Readers continuously ask me where/how they can get tested for mycobacterium avium paratuberculosis (MAP) infection. This is a bacterial/fungal hybrid that hides inside your cells, so is only detectable if you test for the DNA or RNA of the organism. However, over 90% of Crohn’s patients carry MAP when tested in clinical trials.

And yes, Jini’s Wild Oregano Oil Protocol can eradicate MAP – when combined with holistic healing protocols (diet, emotional healing, bodywork, high dose probiotics, immune strengtheners and so on) – but for those who want solid proof that they either have it, or have eradicated it, they may want the DNA/RNA lab test.

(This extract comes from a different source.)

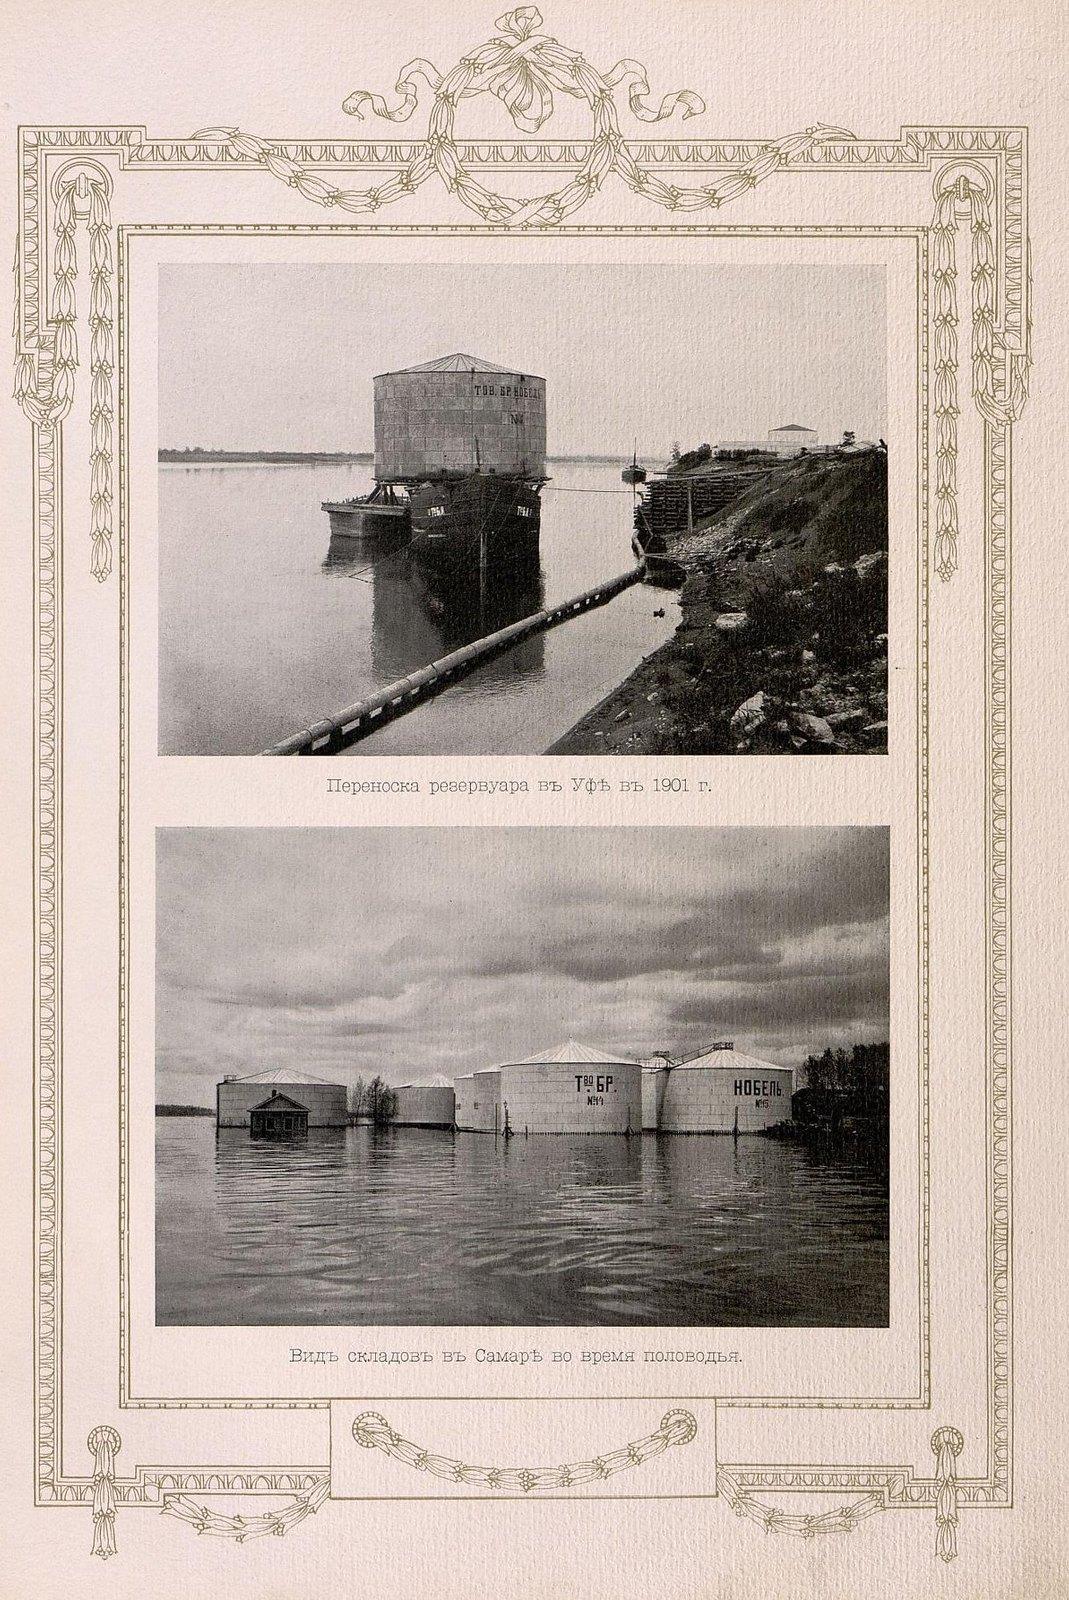 31. Переноска резервуаров в Уфе в 1901 г. Вид складов в Самаре во время половодья

There used to be a couple of labs (over the decades) that could do the test, but after a few years, they stopped or switched services. However, I’m very pleased to hear from Dr. J.E. Williams that there is a lab (that he recommends to all his patients) that can not only do the MAP test, but other tricky viral tests as well.

The lab is called Aperiomics and they have full instructions on their website for both patients and doctors:

“Aperiomics provides state of the art DNA testing for over 30,000 microbes of the viral, bacterial, parasitic and fungal variety. This is a powerful silver bullet in testing for any savvy physician to diagnose the underlying root causes of most medical illness from chronic fatigue to headaches to IBS and a variety of pain syndromes, just to name a few. The staff are friendly, approachable and responsive. It has made a significant difference in the care of my patients and has saved many lives.” – LH Zackrison MD

Another lab – recommended by a reader – that also looks good is Karius. They have a comprehensive list of all the pathogens they test for, with lots of data, research papers, etc.

Which lab is better?

I consulted with 2 friends of mine for their expert opinion on which lab they would use if they wanted to test for MAP. Friend #1 has a PhD in Immunology. Friend #2 is a Medical Geneticist. Here’s what they said:

Immunologist: “Assuming the purpose was to identify the cause of a systemic infection (as that appears to be primary utility for a clinician through whom the test is ordered), I’d choose Karius as, out of the two, it is the only one to have clinical and analytical validation – which they have published, provide limit of detection and are CLIA-certified. The other one, not so much.”

Medical Geneticist: “Karius is definitely the serious one of the two. One concern for your readers is the high false positive rate – it means they will need to get a follow up test to confirm any positive results. If they just want to rule out infection, it’s pretty good – that is, it has a low false negative rate.

Aperiomics is a microbiome company, meaning it will spit out everything in a sample, whether disease causing or not. That can be interesting but without validation studies you never know what their accuracy is.

My metagenomics test (in my own lab – not commercially available) is better than either since I get the RNA viruses – both companies only test for DNA.

The other thing to mention is that the results of any test are critically dependent on getting the right sample. I agree ileal biopsy is probably the best but what is the accuracy rate to diagnose MAP infection when testing stool?

You could ask Karlus if they are able to extract and test formalin fixed samples as many people may have had biopsies done and those tissue blocks will have been stored in pathology. That way people could get the best chance to find what they’re looking for.”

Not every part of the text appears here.